SUPPLIED RECORDS →
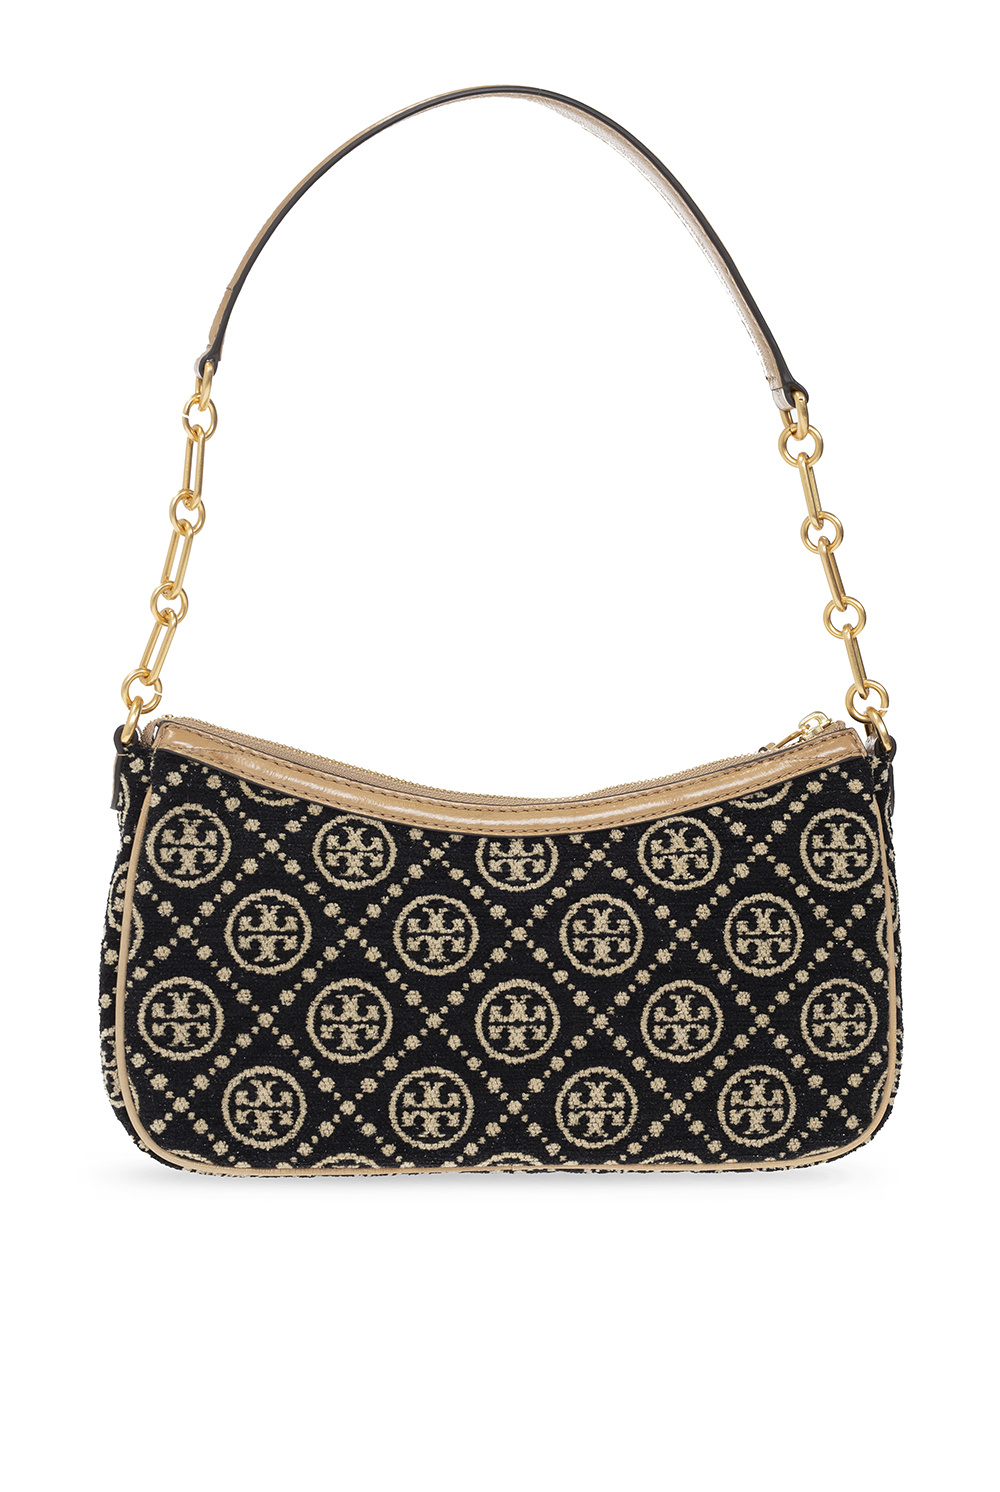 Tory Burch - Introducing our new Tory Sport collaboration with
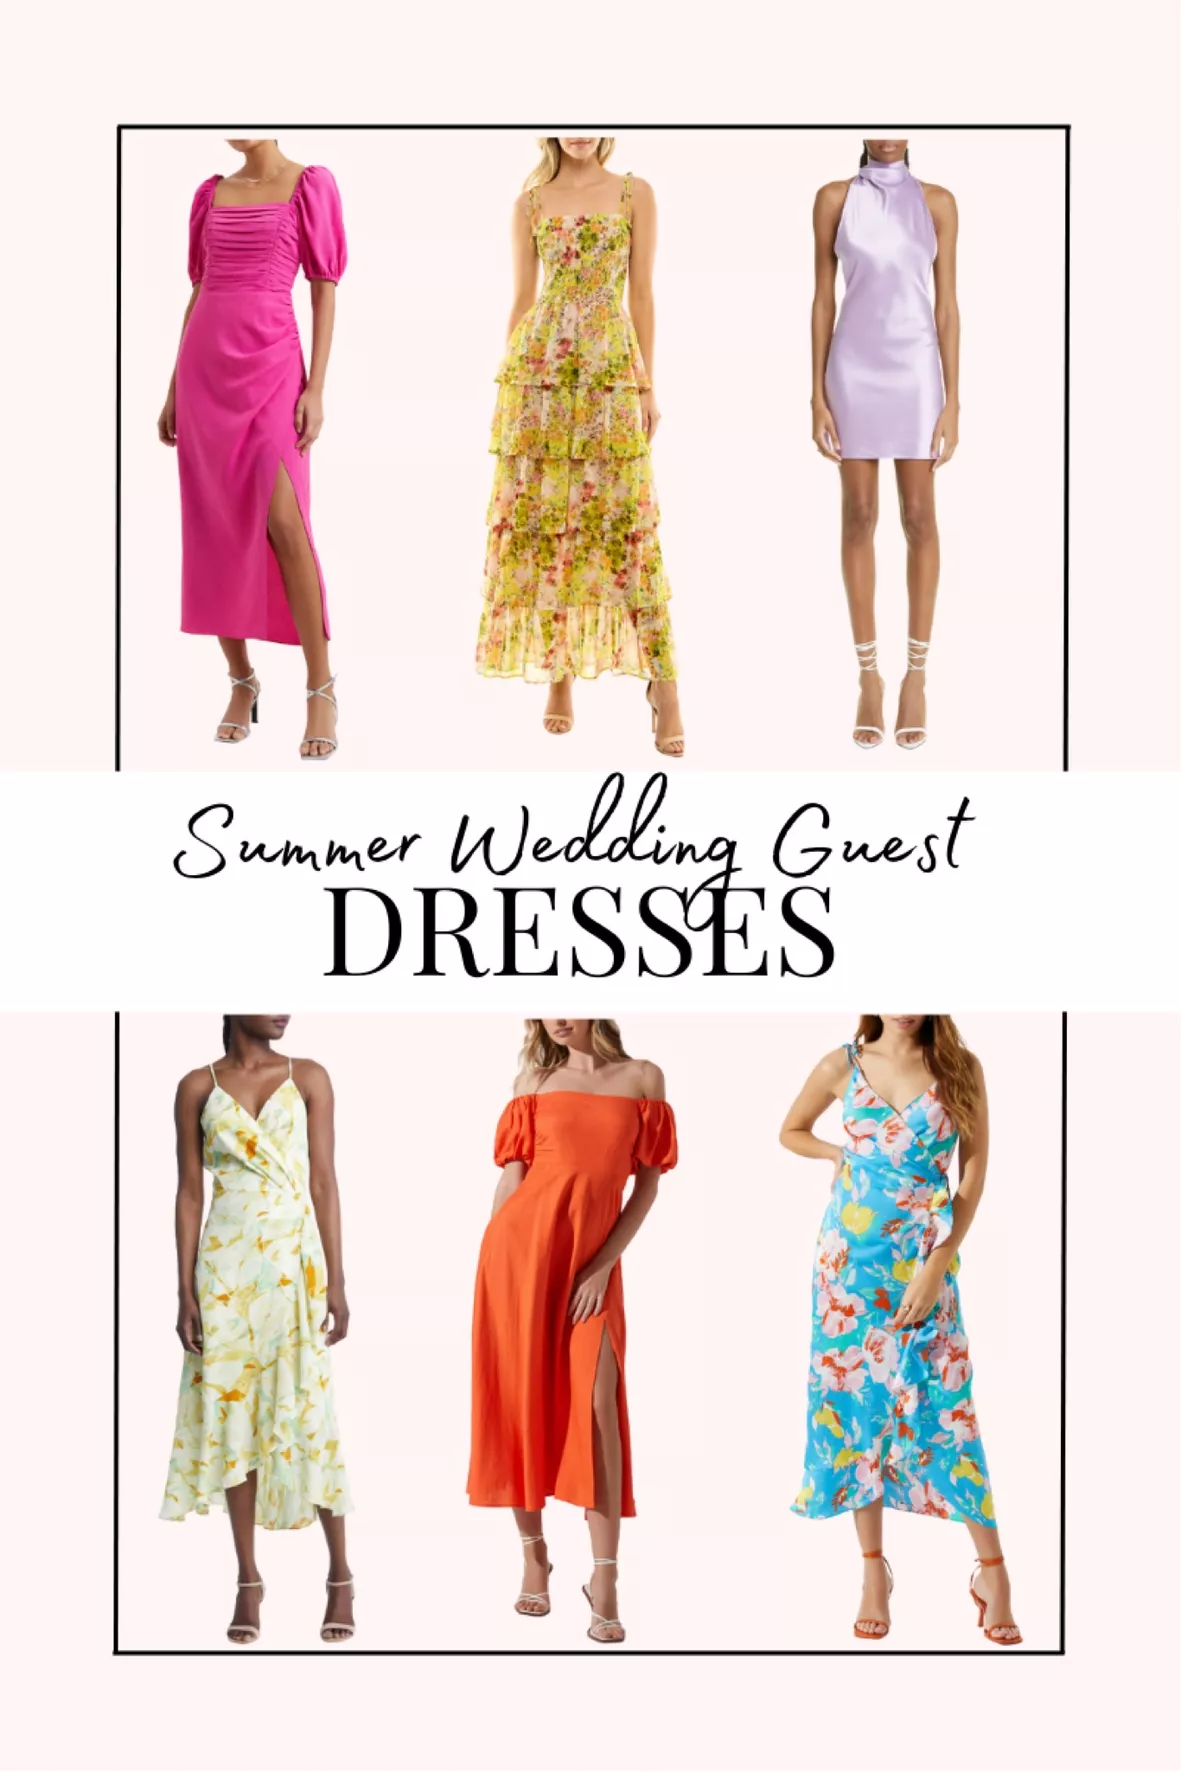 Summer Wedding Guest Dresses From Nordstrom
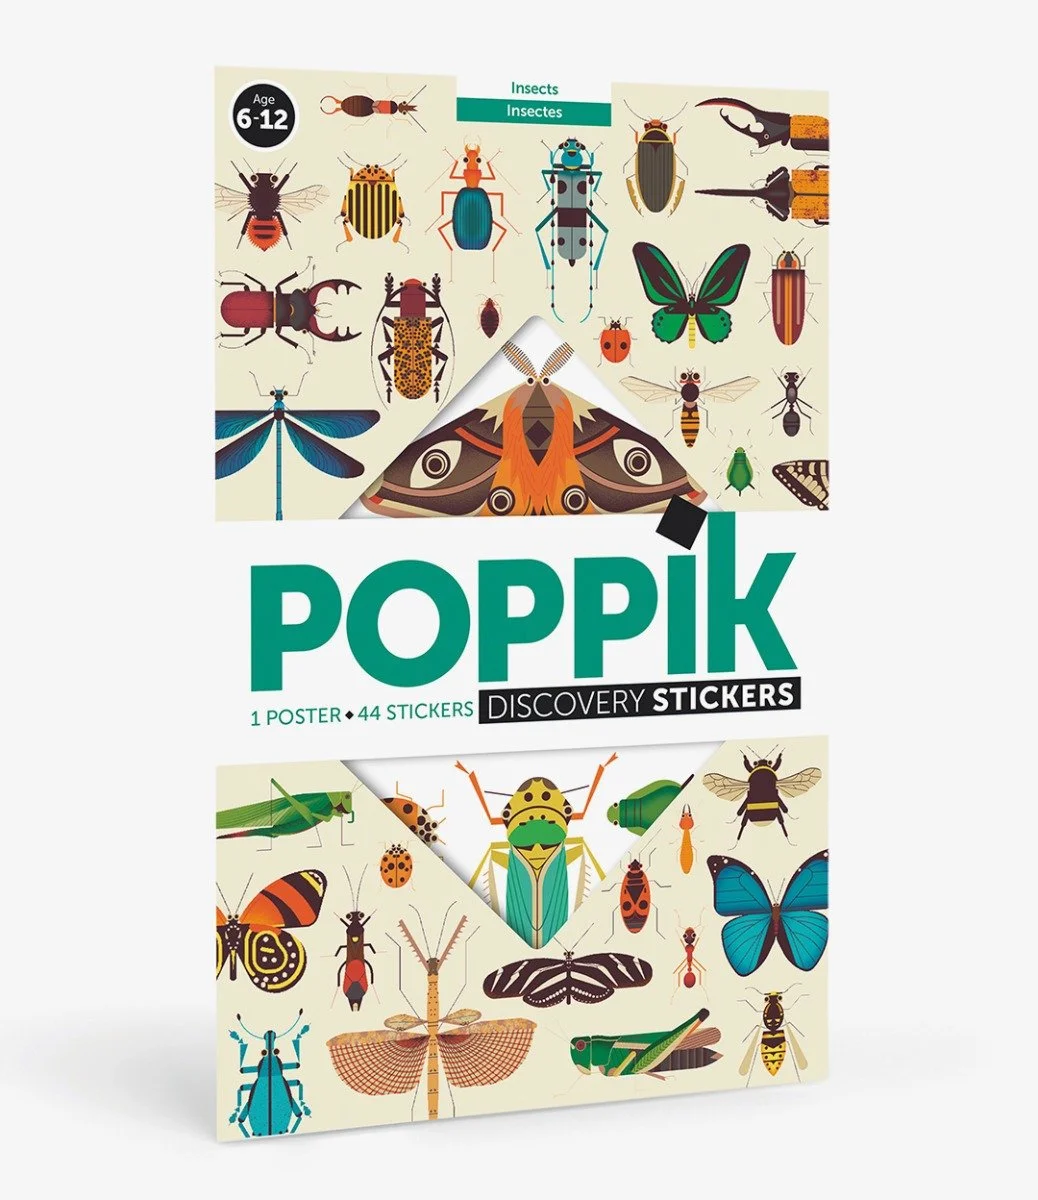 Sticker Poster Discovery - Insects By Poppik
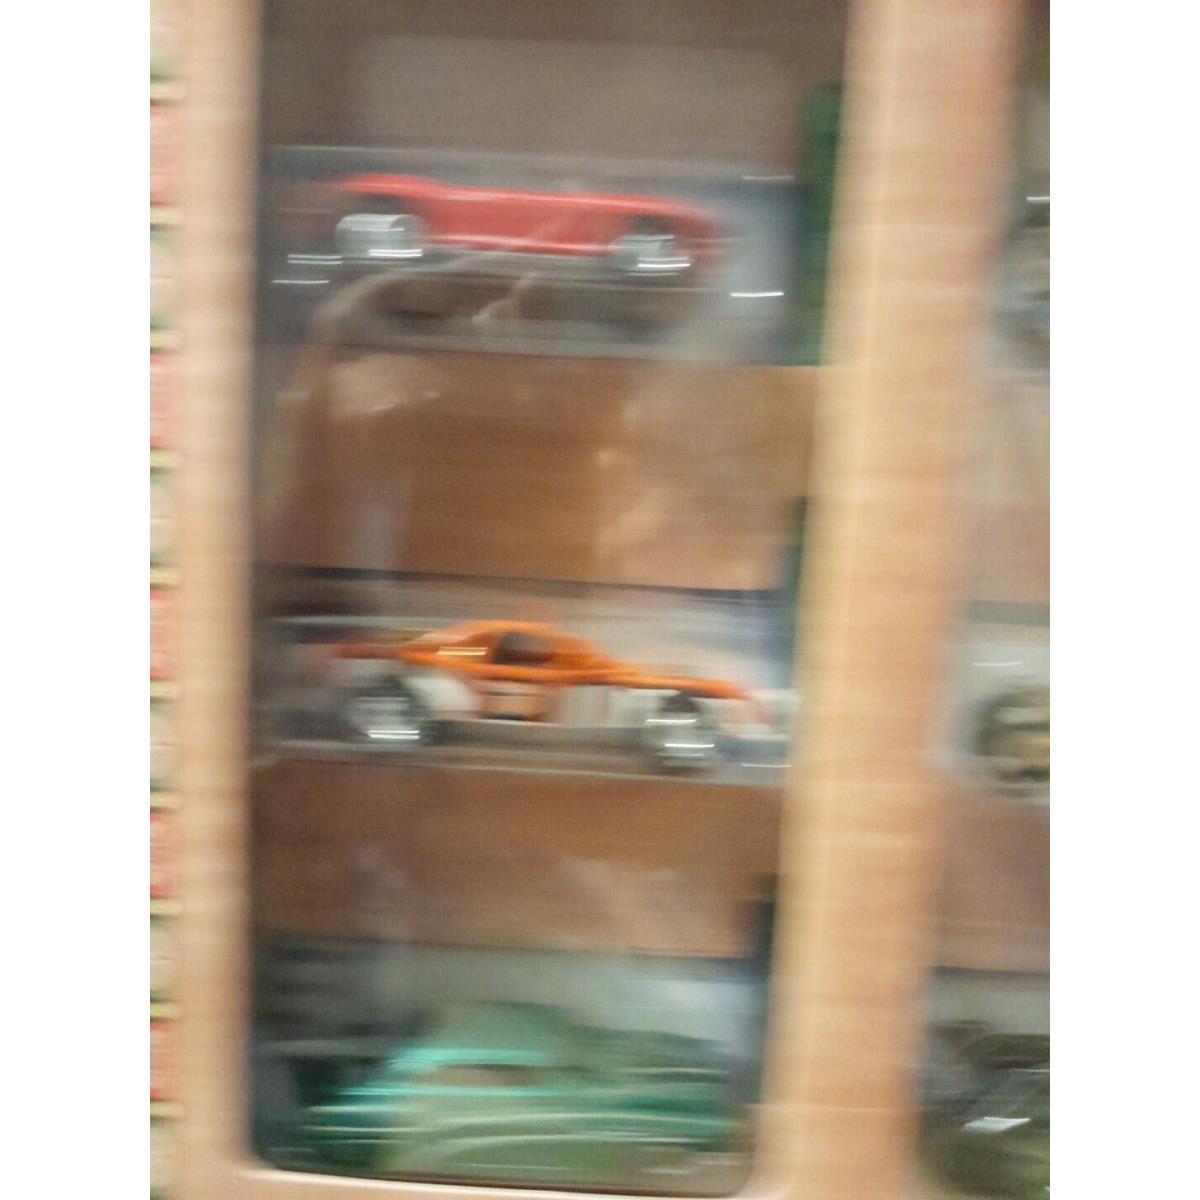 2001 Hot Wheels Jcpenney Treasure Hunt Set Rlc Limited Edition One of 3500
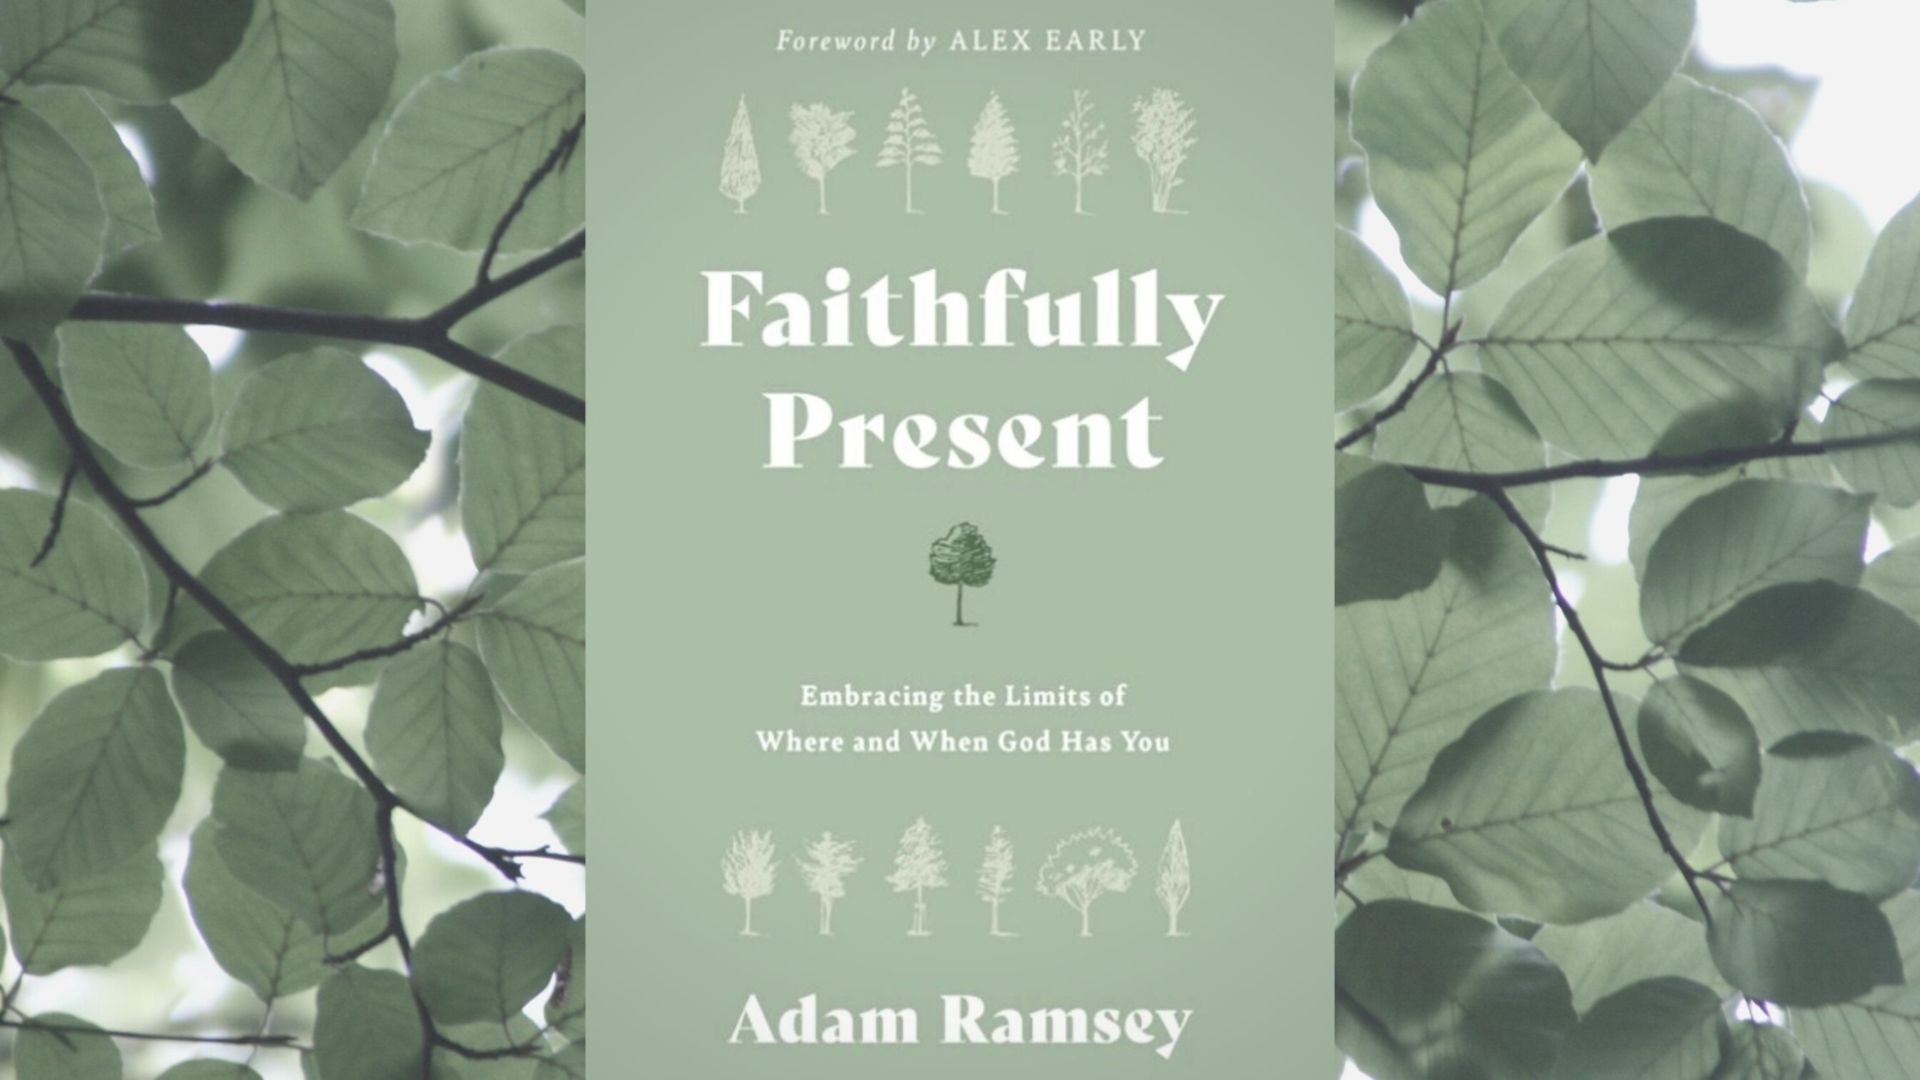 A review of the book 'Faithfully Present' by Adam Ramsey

WORK ORDER → Repeat exactly the lines above, from the line containing "Summer Wedding Guest Dresses From Nordstrom" through the last line of the records, inclusive; omit any pictures.

YOUR RESPONSE →
 Summer Wedding Guest Dresses From Nordstrom
 Sticker Poster Discovery - Insects By Poppik
 2001 Hot Wheels Jcpenney Treasure Hunt Set Rlc Limited Edition One of 3500
 A review of the book 'Faithfully Present' by Adam Ramsey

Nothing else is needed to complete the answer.